Mimi: It’s hard to make work about systems, but fundamentally I think a lot of my work is [about that]. It’s almost like you have to approach it from all of these different perspectives and views to get a sense of the vastness—and also the specificity of them. I used to, when I was younger, think it was very foolish to be an artist without a clear medium. So I was like, “This is not a good idea, this is terrible” [laughs]. But from the perspective of making sense of the world it’s fantastic, because it means I can put on different hats and think about things from different points of view.

I find that when I’m in one space, like I’m making an installation, and then I’ll come up against something—I’ll hit this wall. And then I’ll switch to a different medium, and it’s like something else can emerge from this. It’s the same reason I make a lot of different versions of pieces, too. There’s always more; let’s now turn this around and flip this and look at it from a different perspective. I think that’s what the times we’re in calls for: a multiplicity and fluidity and flexibility. 
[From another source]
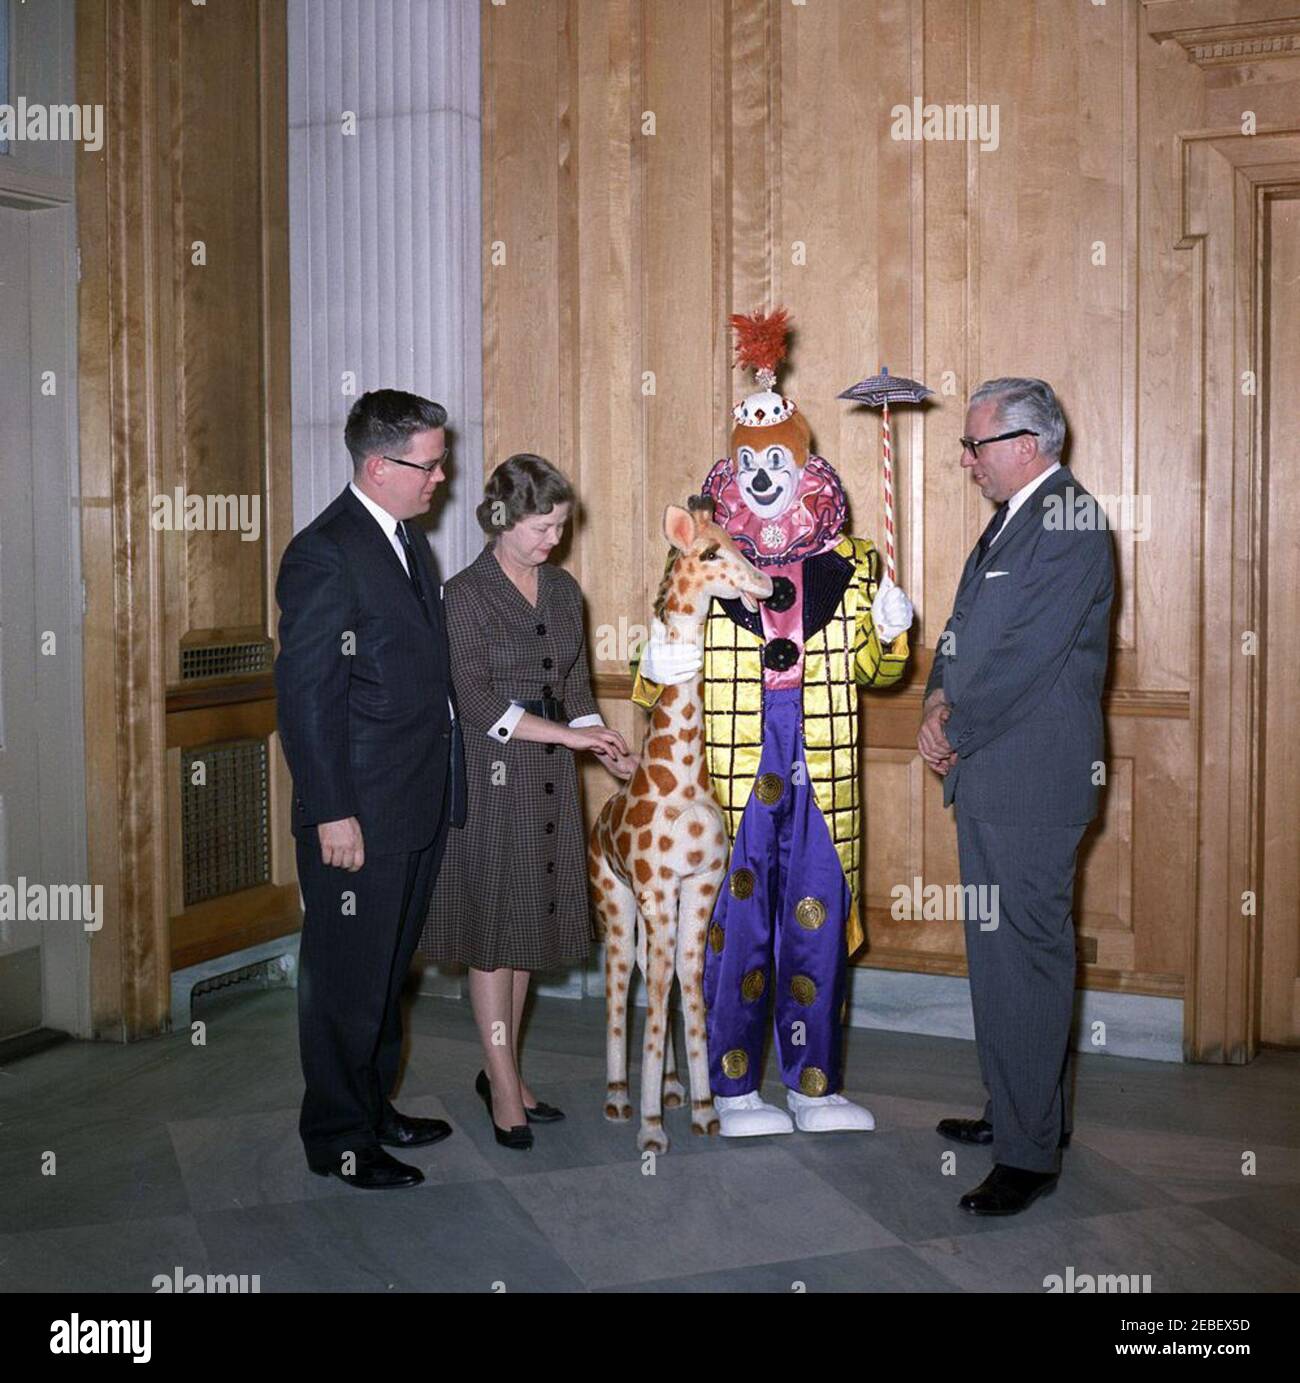 Ringling Bros. and Barnum u0026 Bailey Circus clown Jackie Le Claire presents a gift for Caroline Kennedy (CBK), with David Polland and Hortense Burton (John J. McNally). Ringling Bros. and Barnum u0026 Bailey Circus clown, Jackie LeClaire, presents a toy stuffed giraffe as a gift for Caroline Kennedy. L-R: Presidential Assistant, John J. McNally; Chief of the Correspondence Pool in the Social Entertainments Office, Hortense Burton; Mr. LeClaire; David Polland. East Wing Lobby, White House, Washington, D.C. Stock Photo

Through this experience, what have you learned about your own work and your methods of presentation?

Mimi: It’s the first time that I’ve had so much work all in the same room, and I feel like I have learned something more about the conversations between pieces. The color that I chose for the exhibition is this rust or dust color. I was trying to recall the color of a particular shade of the ground in a particular part of Nigeria. I was trying to bring that to the wall. And whether I got it or not, I think it evokes it, and it’s something that so many people have commented on that grounds the work. It’s such a small thing, but it [suggests] the same experimentation and playfulness that you get from being in different formats. So having it all in the room is different; it brings out something new. That’s been really incredible for me to see… I feel really grateful.